PROBLEM DESCRIPTION ▸
A word-for-word restatement of every record is required.

====== RECORDS TO PROCESS ======

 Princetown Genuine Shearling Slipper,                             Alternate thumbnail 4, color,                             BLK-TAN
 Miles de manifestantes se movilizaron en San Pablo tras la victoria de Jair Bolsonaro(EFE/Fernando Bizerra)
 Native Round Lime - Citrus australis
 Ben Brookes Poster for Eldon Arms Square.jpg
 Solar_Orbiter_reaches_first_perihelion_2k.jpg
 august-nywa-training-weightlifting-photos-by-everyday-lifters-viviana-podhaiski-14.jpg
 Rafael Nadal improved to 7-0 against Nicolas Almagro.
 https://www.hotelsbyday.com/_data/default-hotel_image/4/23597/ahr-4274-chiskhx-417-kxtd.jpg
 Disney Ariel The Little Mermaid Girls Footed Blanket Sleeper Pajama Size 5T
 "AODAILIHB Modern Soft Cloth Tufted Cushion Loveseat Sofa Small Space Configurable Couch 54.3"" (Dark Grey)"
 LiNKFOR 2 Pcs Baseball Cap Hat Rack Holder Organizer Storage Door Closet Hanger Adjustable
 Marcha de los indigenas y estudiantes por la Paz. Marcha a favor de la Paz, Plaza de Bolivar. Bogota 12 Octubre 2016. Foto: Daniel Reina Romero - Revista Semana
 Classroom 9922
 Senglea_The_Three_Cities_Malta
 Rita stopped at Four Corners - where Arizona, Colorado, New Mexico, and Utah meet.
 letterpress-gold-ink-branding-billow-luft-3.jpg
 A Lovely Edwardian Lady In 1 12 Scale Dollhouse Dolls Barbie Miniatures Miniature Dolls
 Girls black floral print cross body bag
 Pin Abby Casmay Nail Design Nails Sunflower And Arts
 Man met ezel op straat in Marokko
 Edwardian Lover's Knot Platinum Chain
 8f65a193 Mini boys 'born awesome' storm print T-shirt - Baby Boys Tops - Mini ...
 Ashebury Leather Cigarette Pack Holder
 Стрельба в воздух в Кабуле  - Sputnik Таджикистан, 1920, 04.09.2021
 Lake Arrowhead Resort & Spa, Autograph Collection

======

RESPONSE TO THE TASK ▸
 Princetown Genuine Shearling Slipper,                             Alternate thumbnail 4, color,                             BLK-TAN
 Miles de manifestantes se movilizaron en San Pablo tras la victoria de Jair Bolsonaro(EFE/Fernando Bizerra)
 Native Round Lime - Citrus australis
 Ben Brookes Poster for Eldon Arms Square.jpg
 Solar_Orbiter_reaches_first_perihelion_2k.jpg
 august-nywa-training-weightlifting-photos-by-everyday-lifters-viviana-podhaiski-14.jpg
 Rafael Nadal improved to 7-0 against Nicolas Almagro.
 https://www.hotelsbyday.com/_data/default-hotel_image/4/23597/ahr-4274-chiskhx-417-kxtd.jpg
 Disney Ariel The Little Mermaid Girls Footed Blanket Sleeper Pajama Size 5T
 "AODAILIHB Modern Soft Cloth Tufted Cushion Loveseat Sofa Small Space Configurable Couch 54.3"" (Dark Grey)"
 LiNKFOR 2 Pcs Baseball Cap Hat Rack Holder Organizer Storage Door Closet Hanger Adjustable
 Marcha de los indigenas y estudiantes por la Paz. Marcha a favor de la Paz, Plaza de Bolivar. Bogota 12 Octubre 2016. Foto: Daniel Reina Romero - Revista Semana
 Classroom 9922
 Senglea_The_Three_Cities_Malta
 Rita stopped at Four Corners - where Arizona, Colorado, New Mexico, and Utah meet.
 letterpress-gold-ink-branding-billow-luft-3.jpg
 A Lovely Edwardian Lady In 1 12 Scale Dollhouse Dolls Barbie Miniatures Miniature Dolls
 Girls black floral print cross body bag
 Pin Abby Casmay Nail Design Nails Sunflower And Arts
 Man met ezel op straat in Marokko
 Edwardian Lover's Knot Platinum Chain
 8f65a193 Mini boys 'born awesome' storm print T-shirt - Baby Boys Tops - Mini ...
 Ashebury Leather Cigarette Pack Holder
 Стрельба в воздух в Кабуле  - Sputnik Таджикистан, 1920, 04.09.2021
 Lake Arrowhead Resort & Spa, Autograph Collection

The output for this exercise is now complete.